In Iliad’s book Ψ, Homer offers the first description of athletic games in literature. He describes the games organized by Achilles in memory of his beloved friend Patroclus.  Athletic events were held in ancient Greece to honor the dead and to give warriors a chance for training before the battle. They served as a break from the hardship of war and as a way of steaming off human aggressiveness. Such events may well have served as model for the establishment of the Olympic Games.
Vancouver was the Canadian city that organized the 2010 Winter Olympics. Thus it was the perfect setting for the staging of a dramatic reading of excerpts from Homer’s Iliad that referred to ancient athletic games. It was organized at the Vancouver International Film Centre January 20, 2010, and provided a bold, poignant statement of why games matter along with strong images of breathtaking action and good sportsmanship.

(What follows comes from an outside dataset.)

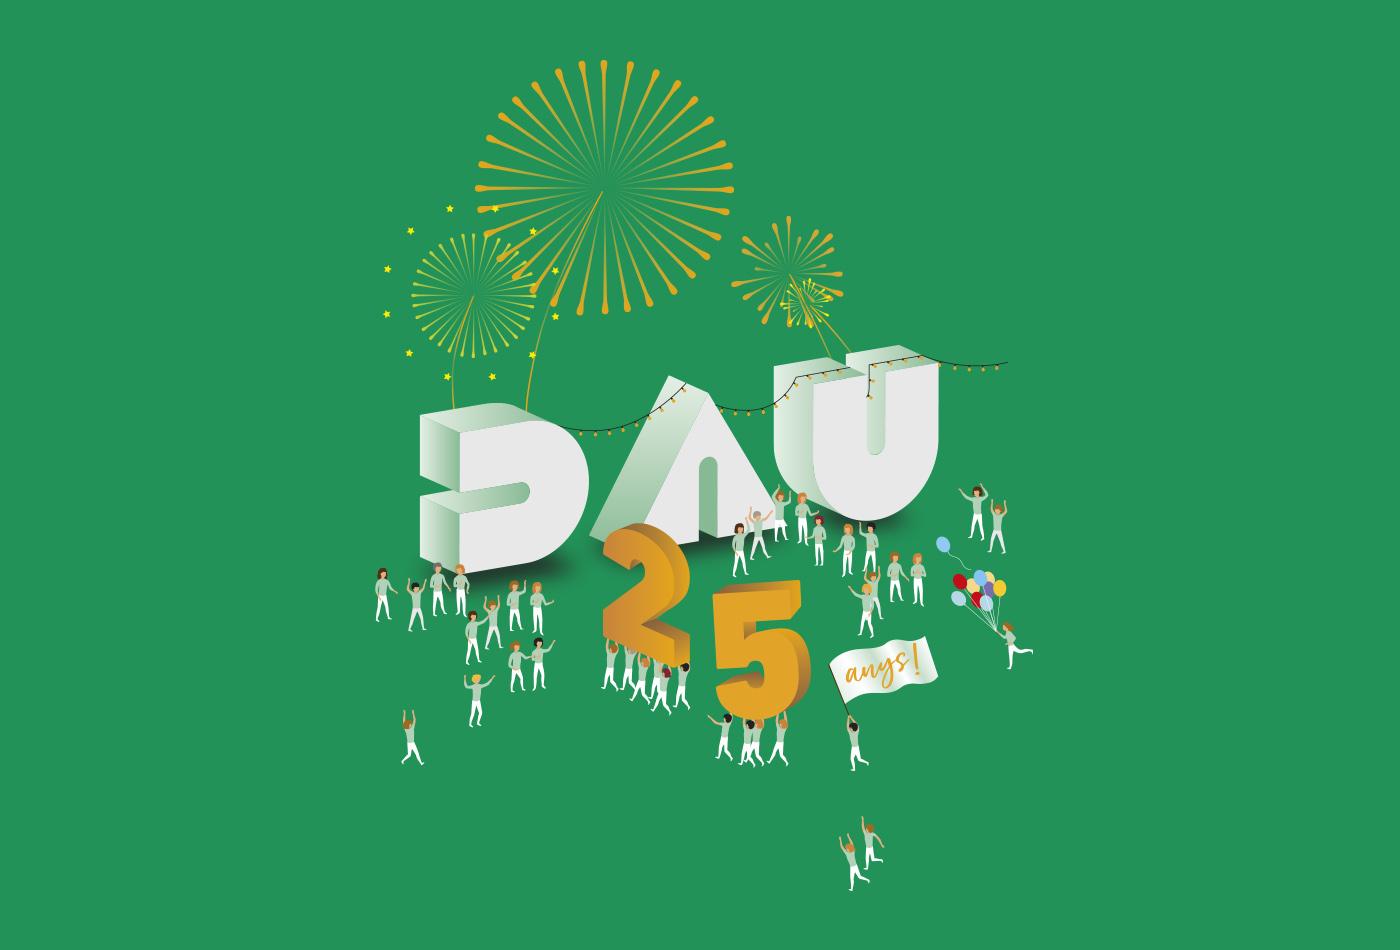 ilustración Fundación Dau

Directed by David Muse, of Washington, D.C.'s Shakespeare Theatre Company, from a 1990 translation by Robert Fagles, Striving for Excellence in Homeric Times was a presentation of the affiliate Alexander S. Onassis Foundation and the Hellenic studies chair at Simon Fraser University. Throughout the performance by a cast of local and American actors, David Konstan, a classics professor from Brown University, provided a commentary putting in context the moments culled from the saga that chronicles the bloody final months of the 10-year siege of Troy.

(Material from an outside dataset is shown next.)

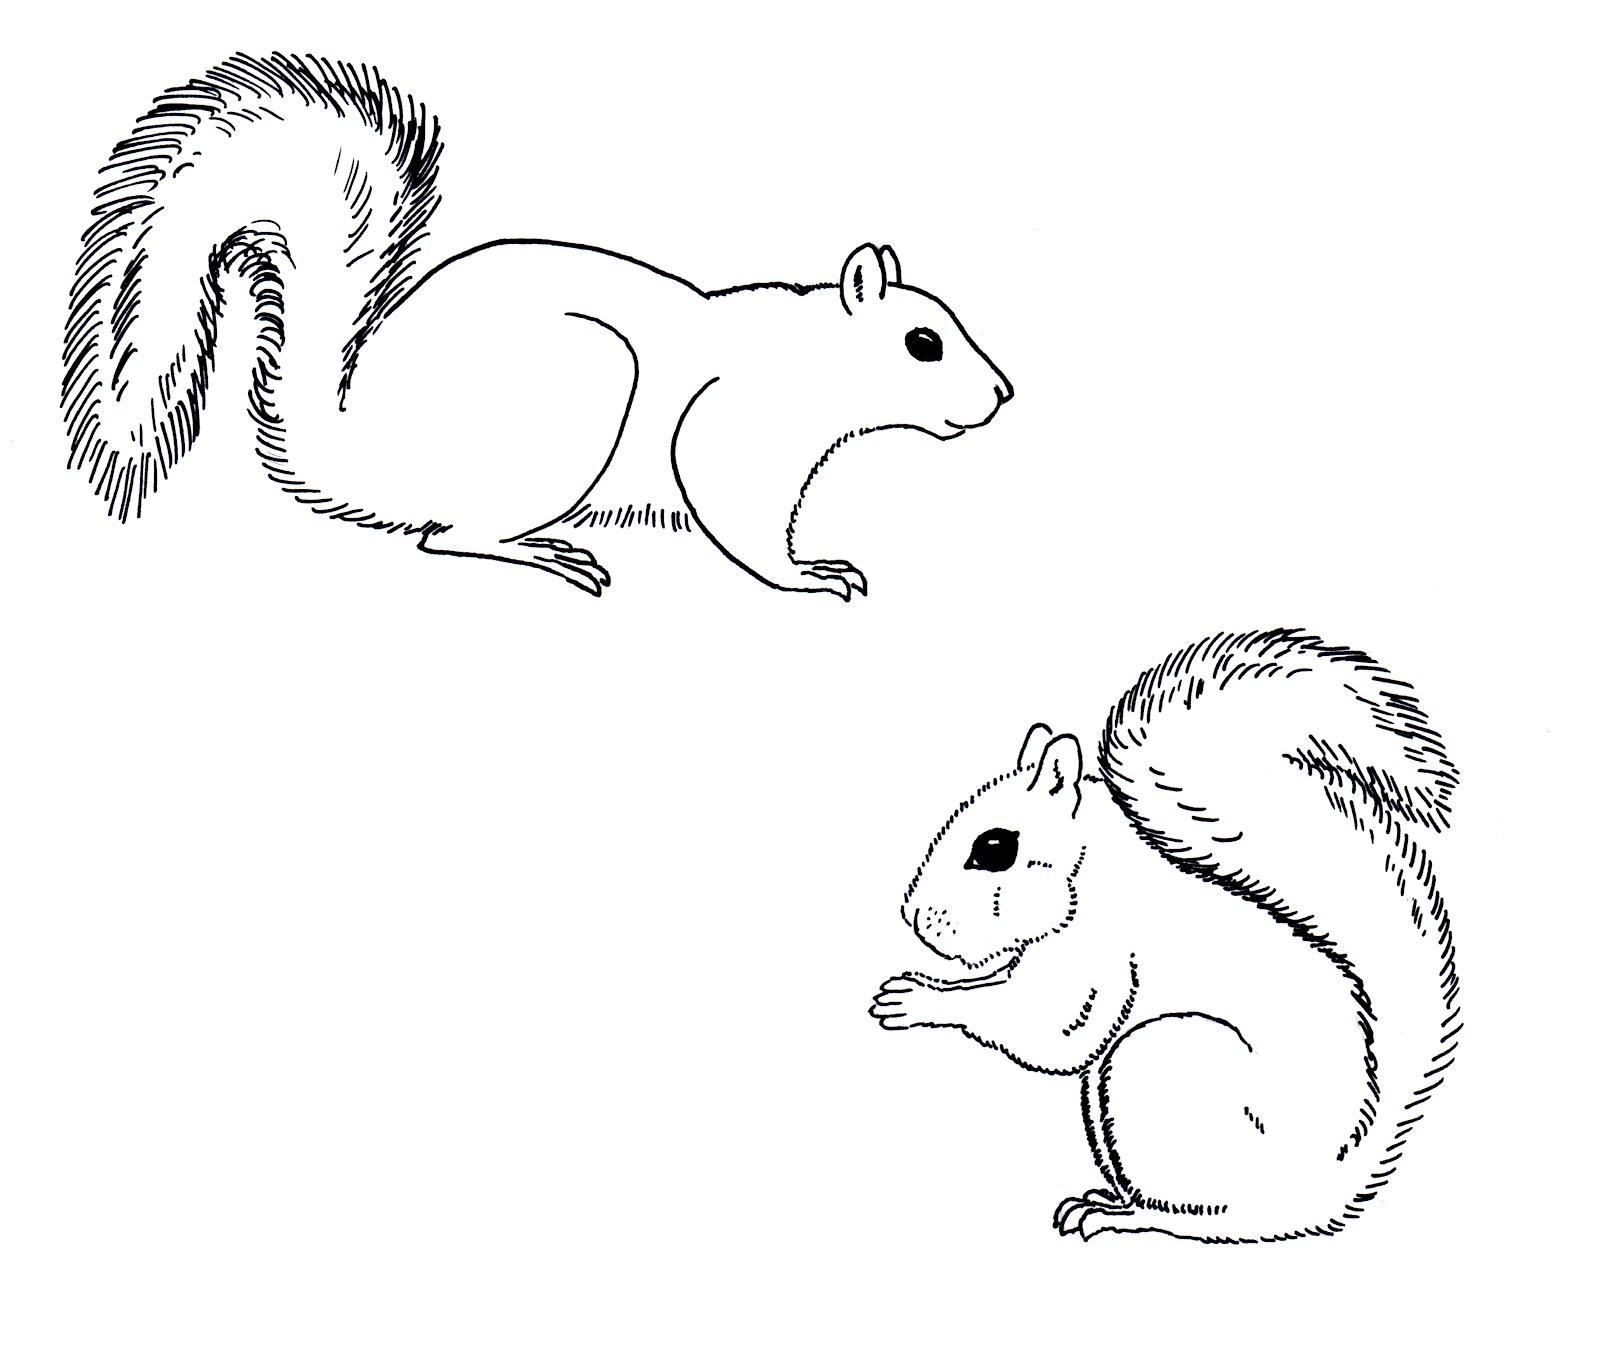 Eastern grey squirrel drawing.

Eight actors read the different parts: Jennifer Clement was Andromache· Sam Tsoutsouvas was Homer· Ian Butcher, Hector and Menelaus· Greg Derelian, Ajax and Diomedes· Ed Dixon, Priam and Nestor· Alessandro Juliani, Achilles· Peter Francis James, Odysseus and Epeus· Kyle Rideout, Antilochus and Dolon.

The dramatic reading was supported by a slide projection of period armaments, beautiful pottery, marbles and friezes. A trio of musicians -Joelysa Pankanea, Jeff Gladstone and Mark Haney in bass, guitar and percussion- accompanied the reading.
According to Homer, Achilles stands judging a wrestling match between Ajax and Odysseus, who battle ferociously but prove themselves of equal strength:

"Fight no more," Achilles intervenes, "and do not wear each other out in agony, you are both victors: Come take equal prizes."

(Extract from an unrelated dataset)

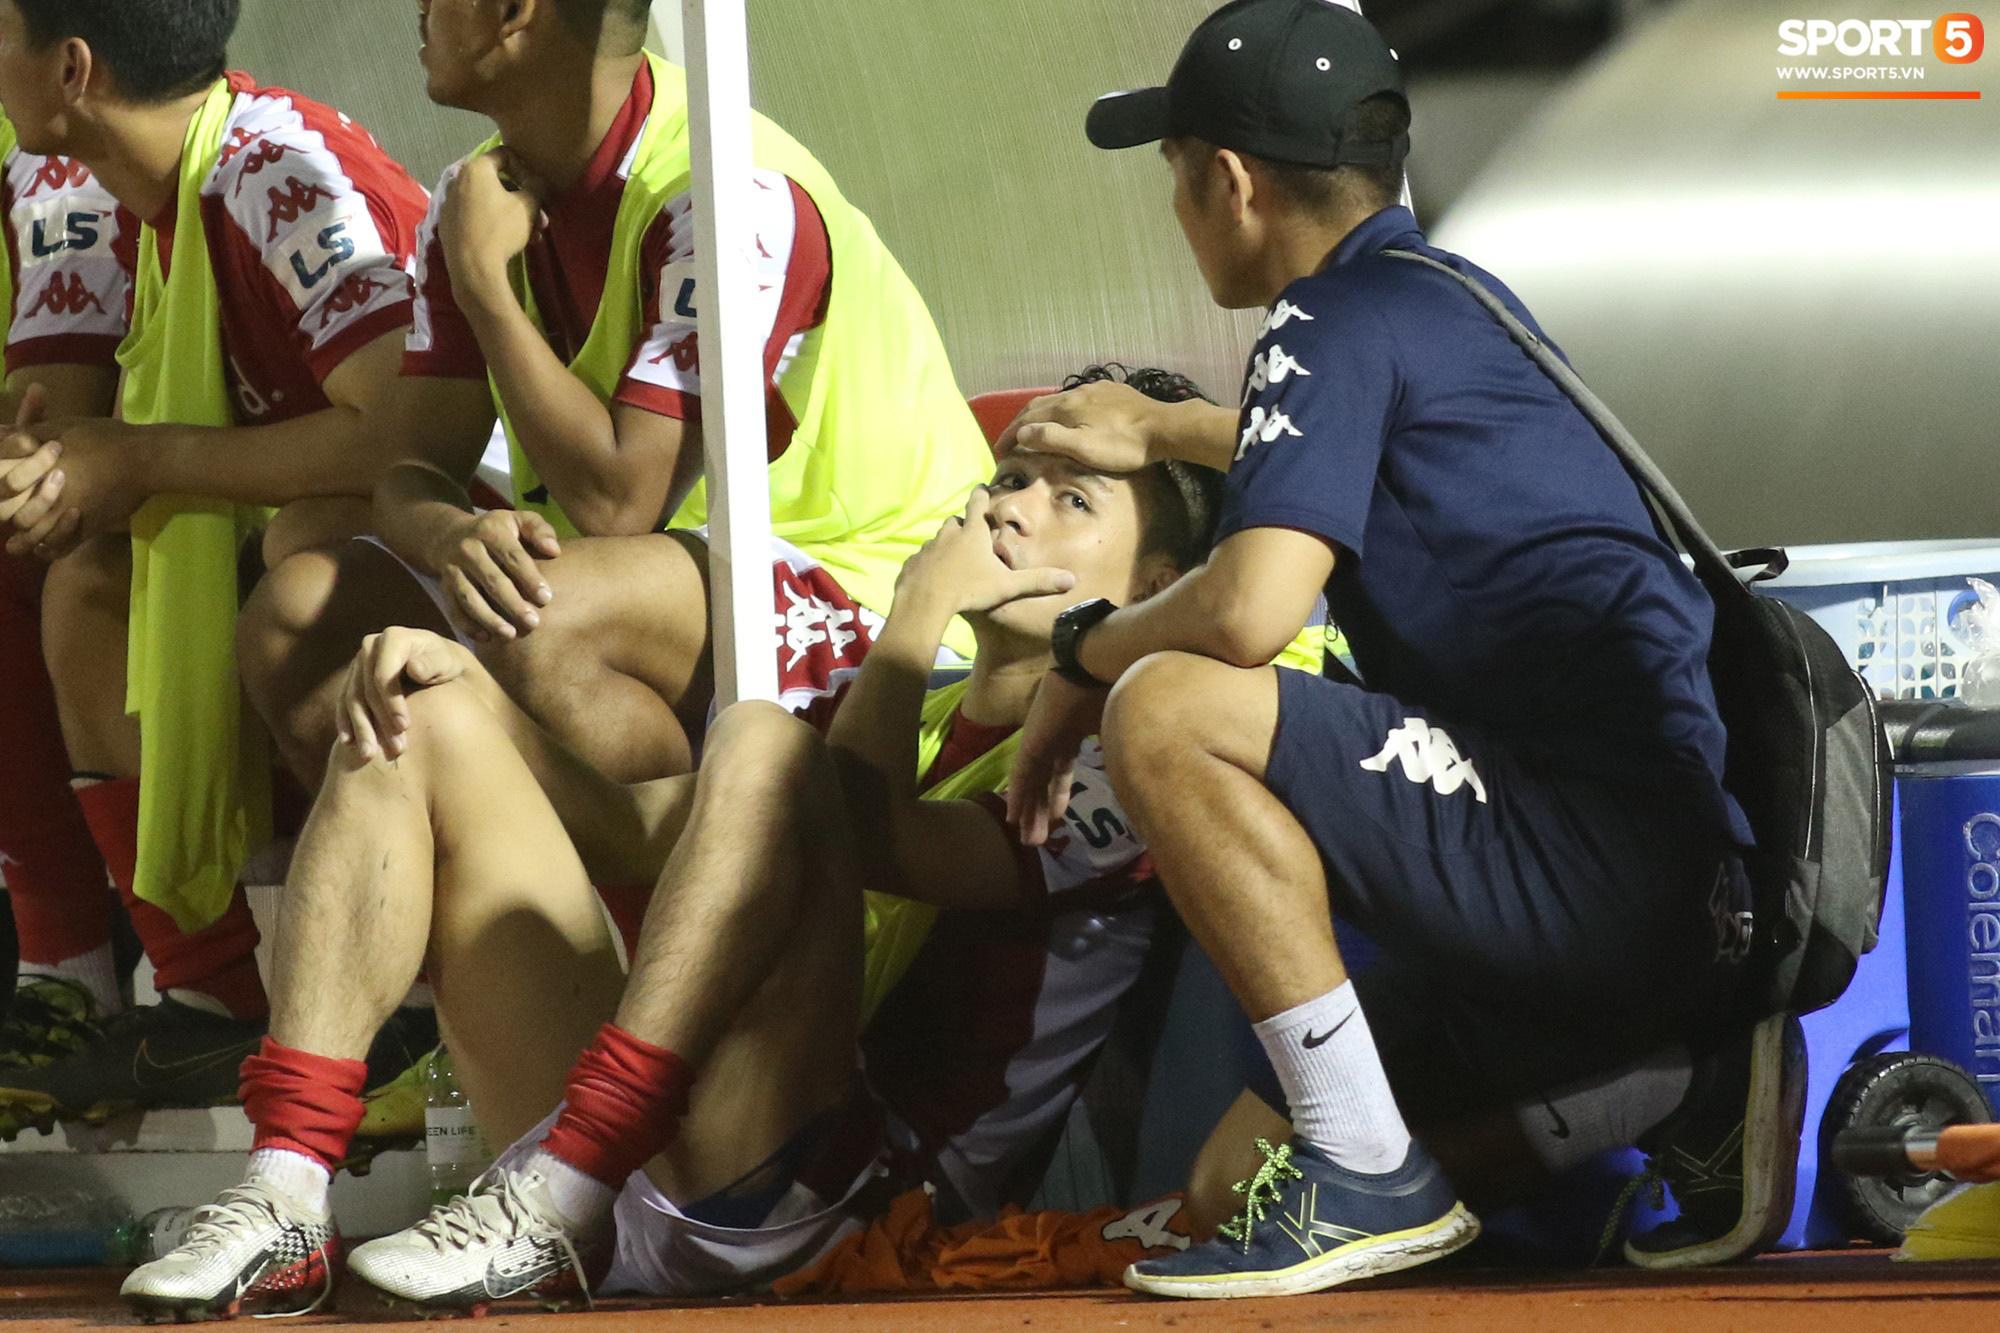 Thót tim với tình huống cựu tuyển thủ U23 Việt Nam nằm gục xuống sân ngay khi được thay ra - Ảnh 3.

“Games have umpires, though sadly they are lacking elsewhere on our planet,” comments Ian Mulgrew, writer for The Vancouver Sun. “Homer knew that. He knew that we all learn from games: The British Empire was created on the playing fields of Eton, as they say, and what happens on the playground remains forever with us. The spirit, ambition, heart and sportsmanship of athletics can and do connect and inspire. That is their power. That's why Homer included the games in his narrative.

He drove his point home, I think, at the end of the poem when the bereaved Trojan king, Priam, kisses the hand of Achilles, begging him to return the desecrated body of the king's son. Achilles had slain Hector to avenge the loss of his dearest friend and vowed dogs would feast on his corpse. Yet, in spite of his still-white rage, he uncharacteristically succumbs to the humanity of the broken man's pleas. They lament together in a closing scene of extraordinary compassion and common understanding.

Vancouver 2010 Winter Olympics”, concludes the Canadian journalist,  “should remind us that sports are important because they transmit values and virtues we all believe in and should exemplify more”.